Selecting a Puppy
Much has been written about how to pick a puppy from a litter.
Selecting a puppy should begin not when a prospective owner appears at a breeder's doorstep, prepared to take home his or her 7- or 8-week-old puppy. Correctly done, the process begins much earlier, months before a litter is conceived.
Selecting a puppy should begin by selecting a breeder who shares the prospective owner's values. This takes time and research in the form of phone calls, e-mails, and kennel visits.
In our view, choosing the correct breeder represents between 70 percent and 80 percent of the puppy-picking process. Necessarily, then, picking a particular puppy from a litter is — or should be — reduced to a relatively minor role.
When someone inquires about dogs produced by River Stone Kennels, we tell them our dogs have calm temperaments, are easy to live with in the house and while traveling, have excellent kennel manners and are guaranteed to be healthy. We also tell them our Labradors are excellent in the field, as both upland and waterfowl dogs.
We also provide references. Just e-mail whitney@riverstonekennels.com and request references for your state.
Prospective owners also should attempt to determine as specifically as possible whether a breeder can successfully and consistently execute his or her breeding plan. Information about stud dogs and bitches is important and should be evaluated.
Prospective owners should ask a breeder how many females he or she owns and/or controls, and how many of these are bred in a given year.
Our business management plan takes into consideration that each of our breeding dogs deserve a family and a home, thus most of our breeding females and some of our sires that we import from the United Kingdom are placed in homes among clients from the Mpls/St.

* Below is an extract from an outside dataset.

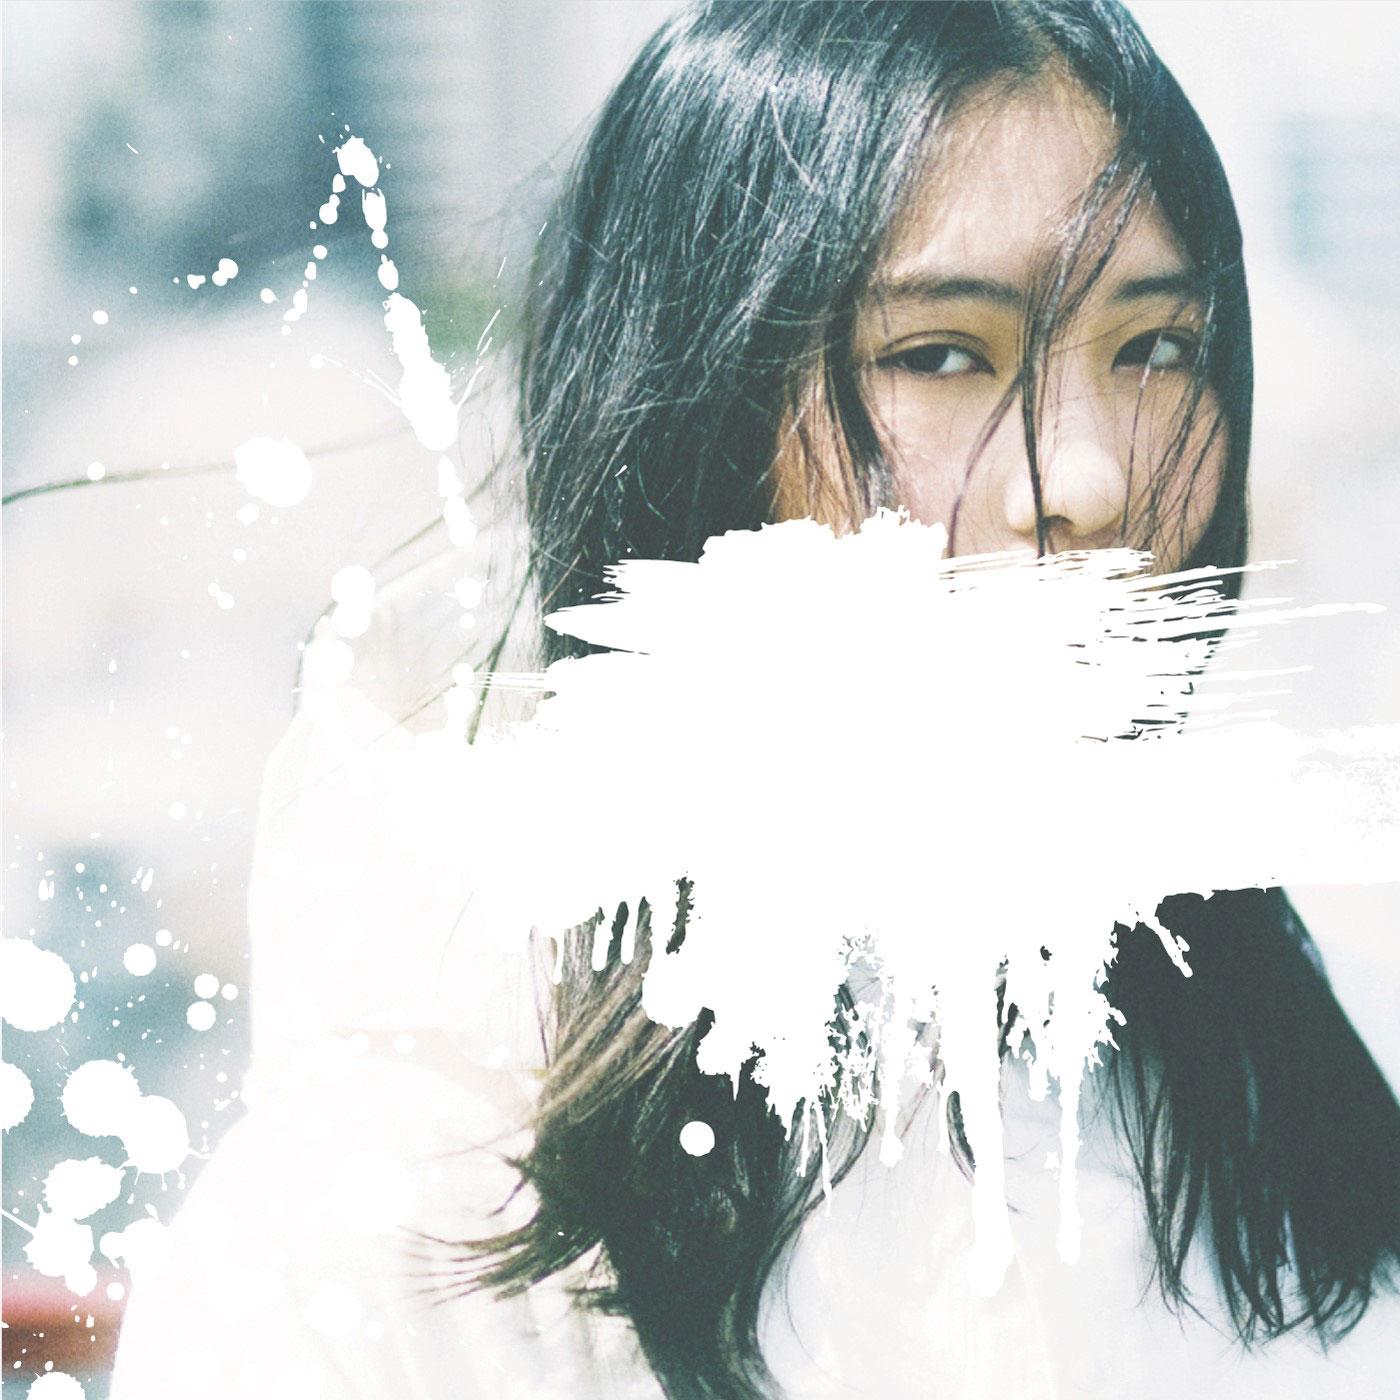 現役高校生のシンガーソングライター・琴音がセカンドシングルをリリース!

Paul metro area. In this way the dogs have a family who loves them, hunts them, and does justice to them as a pet and hunting companion. The females return to us during their heat cycles and again when they are due to whelp until weaned from the puppies. We produce two - three litters from each of our females and then they are spayed and live with their host families permanently. In addition to our sires at our kennel, we also use FTCH sires in the United Kingdom. We have frozen semen of some of our best foundation stock sires that are retired or deceased.
Assuming the correct choice of a breeder, a prospective owner should find comfort in the fact that picking a puppy from a litter is reduced, as mentioned above, to relatively less importance. It is true that one or two puppies might be genetically superior to their litter-mates. But determining which puppies these are in a litter is very, very difficult when the animals are so young.
In fact, the ultimate development of most dogs — assuming they are produced by quality breeding programs —depends more on the training regimens and home environments they enter after removal from their litters than whether they are fractionally better or worse, genetically speaking, than their litter-mates.
Because these last facets of the puppy-picking and dog-training process can be controlled by prospective owners, they deserve the most attention.
Having said all this, we put a great deal of effort into selecting a puppy from within the litter for you. We begin by taking daily observations and notes regarding the behavior and temperaments of each puppy. At 6 weeks of age we combine our notes and observations from the past 4 weeks and perform a Puppy Aptitude Test which helps to confirm what we have already discovered about each of the individual puppies’ temperaments. The past 4 weeks of observations and the 6 week aptitude test helps us determine among the litter which puppies, if any, may be more dominate or submissive, more active or quiet, more bold or shy, more curious and independent, and all the temperament characteristics that will help us determine the selection of puppy to owner. Given the temperament results we are able to help select the puppy with the most suitable temperament for your lifestyle and use of the dog given the information that you provided us when you reserved a puppy. The concept of granting quote "pick of the litter" is widely misunderstood since a given puppy and given qualities are almost impossible to distinguish at 7 weeks of age by people who aren't around that litter continuously. Through our continuous efforts of temperament testing we are able to identify the differences, slight though they are in those instances. In addition everyone's idea of an ideal dog is different, consequently what may be the pick of a litter for the California couple with two young children for whom the husband hunts only occasionally will have an entirely different pick of the litter from the Louisiana single gentleman who hunts frequently. Thus, because we know the customers purchasing puppies from a litter, and we know those puppies differences within the litter, we are better able to select the individual puppies for the individual owners.